Y a mí esto me parece de un profundo simbolismo. Se nos vende un género adocenado, que se supone tendrá respuesta positiva, y aun masiva, por parte de la ciudadanía, sobre todo la más joven. El afán no es, desde luego, pedagógico. Antes bien, se trata de amodorrarnos colectivamente y que, encima, disfrutemos, o eso dicen, de un espectáculo con el que poco tenemos que ver como pueblo.

Si ese día, como yo, como muchos, usted no se siente identificado ni con los intérpretes ni con quien los ponen en solfa, acérquese a los libros

Si ese día, como yo, como muchos, usted no se siente identificado ni con los intérpretes ni con quien los ponen en solfa, acérquese a los libros. A títulos como “El mundo desde abajo: La odisea australiana de Rosendo Salvado”, Premio Altaïr de Literatura de Viajes, semblanza de un hombre adelantado claramente a su tiempo, del berciano Valentín Carrera. O a “El invierno siempre vuelve a la Montaña”, de Noemí Suárez, que debería servirnos cada mañana de reflexión para sacudirnos nuestro mortal y dañino pesimismo sobre el futuro que nos espera a los leoneses.

Y con esto último me quedo. El futuro no existe. Es algo que se construye.

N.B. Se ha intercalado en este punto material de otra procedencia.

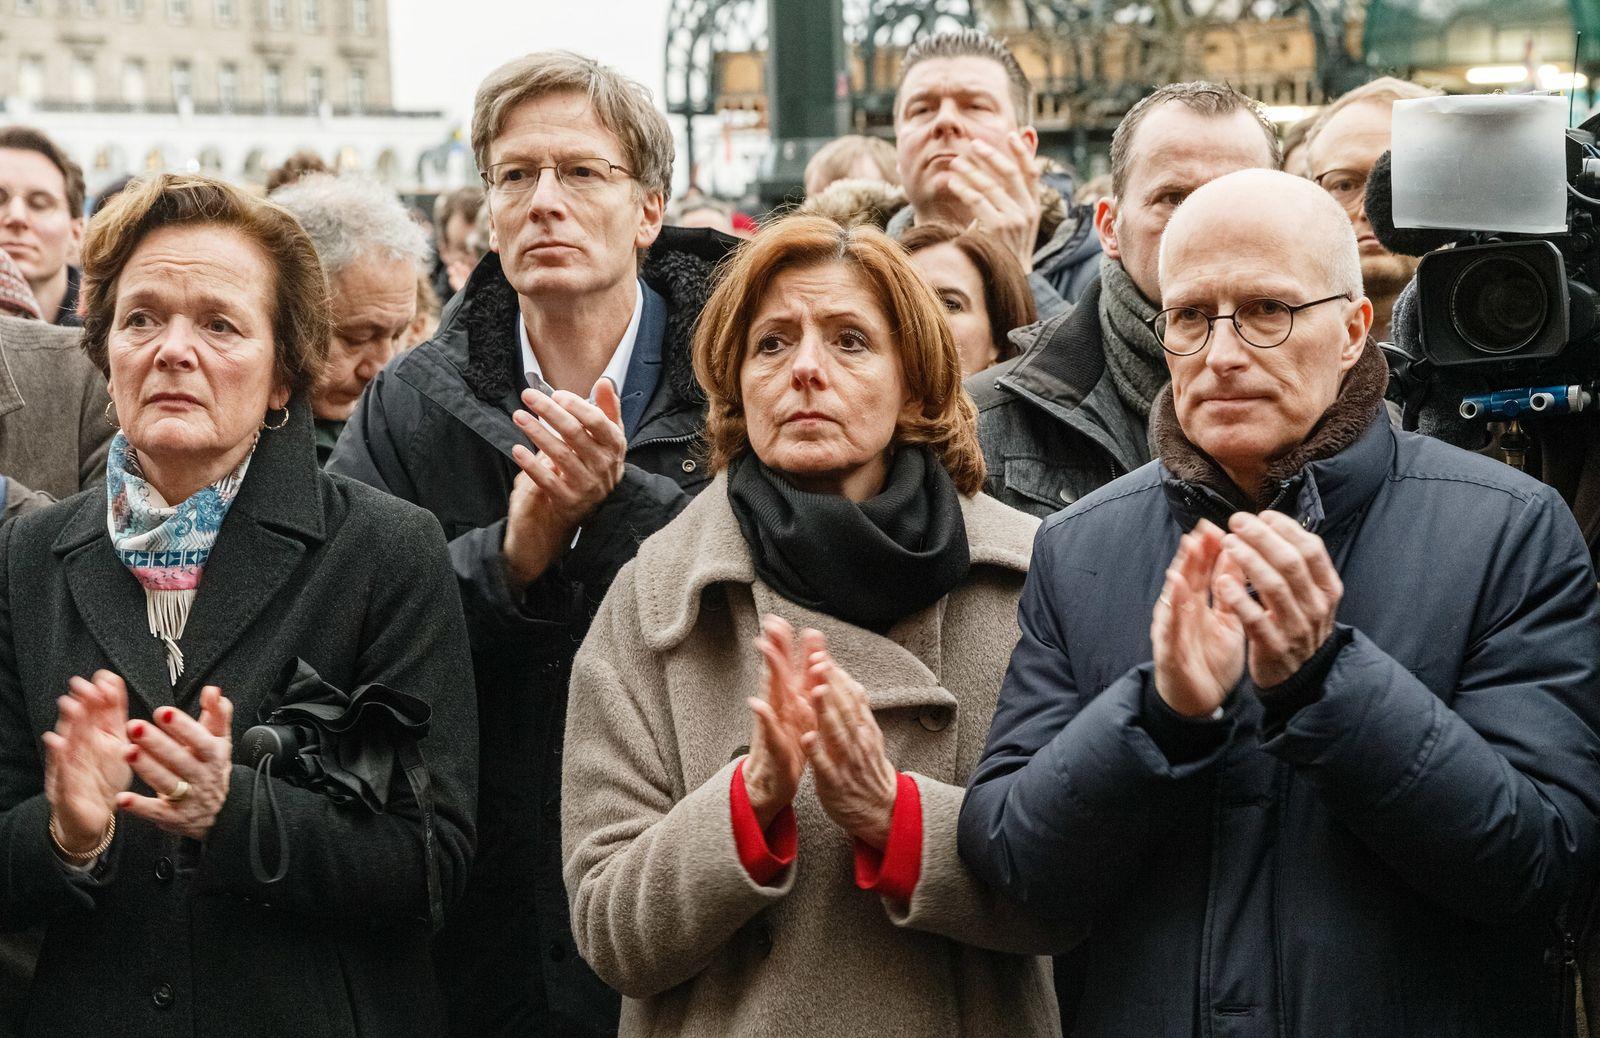 Nach Schüssen in Hanau - Gedenken in Hamburg

Si seguimos anclados en viejos esquemas, si damos por bueno que nos traigan payasos sin gracia para vendernos lo que no queremos, si sentimos indiferencia por lo que acabaremos siendo, entonces, sí… entonces nos quedaremos con lo mismo.

Dedicado, con cariño, a:

Marta Fierro, Sofía Miguélez, María Quiroga, Pilar Cañas, Juanjo Alonso y Guille Alonso, las personas detrás de “Prieto Picado”. Unas y unos que no se conforman.